Bellinger, a self-taught painter, sculptor, photographer and furniture designer who’s been at his craft for more than five decades, has pieces peeking out of every corner of the Bright home. (Fun fact: Bellinger owned a sign company in the ’80s that produced the unmistakable signage for former Saratoga business like Lillian’s and Mabou.) He and his artist wife, Susan, co-created the coffee table that Bright has on his screened-in porch, fashioning it from an old cast-iron fireplace part (Susan painted the flowers on it, and the two added variegated gold leaf to the center of each flower). A handmade ’50s ashtray, which features shotgun casings in place of smokes, was given to Bright by the artist, after he took a shine to it. “He’s a genius,” says Bright, “at making other people’s trash into treasures you never could’ve imagined.”

Hook, on the other hand, has for 20 years been a full-time carver whose sculpting weapon of choice is a chainsaw. Two of Hook’s pieces have made their way into Bright’s orbit so far: a bear carved from a single slab of wood (save for the bear’s sharp little grill), which menaces passersby on a path near Bright’s pond; and his latest masterpiece, a 9-foot-tall, 1,500-pound Buddha, which Bright and his wife, Claudia Wilsey Bright, commissioned and which took Hook six months to complete. “It was one of those things that you can only do so much of it at a time,” says Hook. “Everything had to be pretty exact, because [the Brights] picked a statuette and a design that they wanted it to follow.” 

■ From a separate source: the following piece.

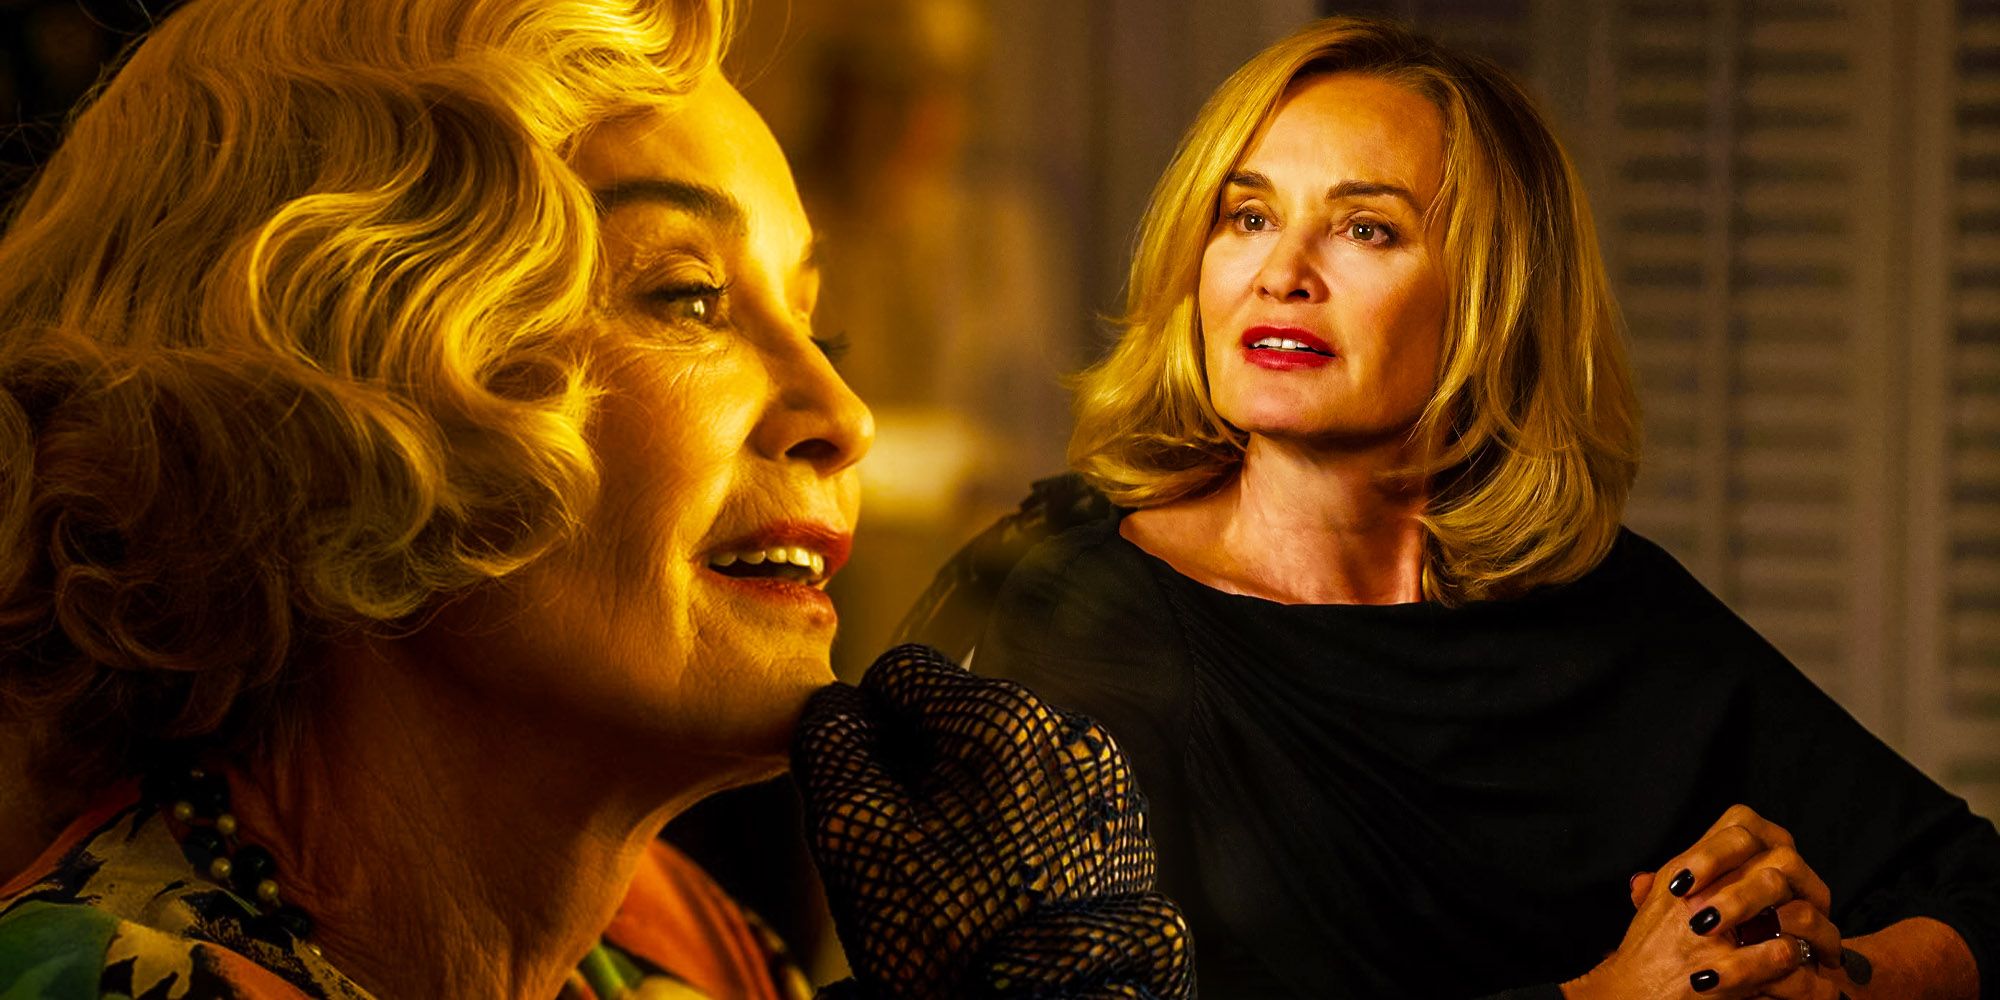 Jessica Lange’s New Film Continues Her Worst Submit-AHS Profession Pattern

If you’re thinking about taking a trip out to Hook and Bellinger’s studio space, they’re both highly approachable and would be happy to show you around. In other words, you don’t have to be a TV star like Bright to gain entry into their world. “People have conceptions about country artists—that they work with bottlecaps and rotten, old copper piping,” says Bright. “It couldn’t be further from the truth.”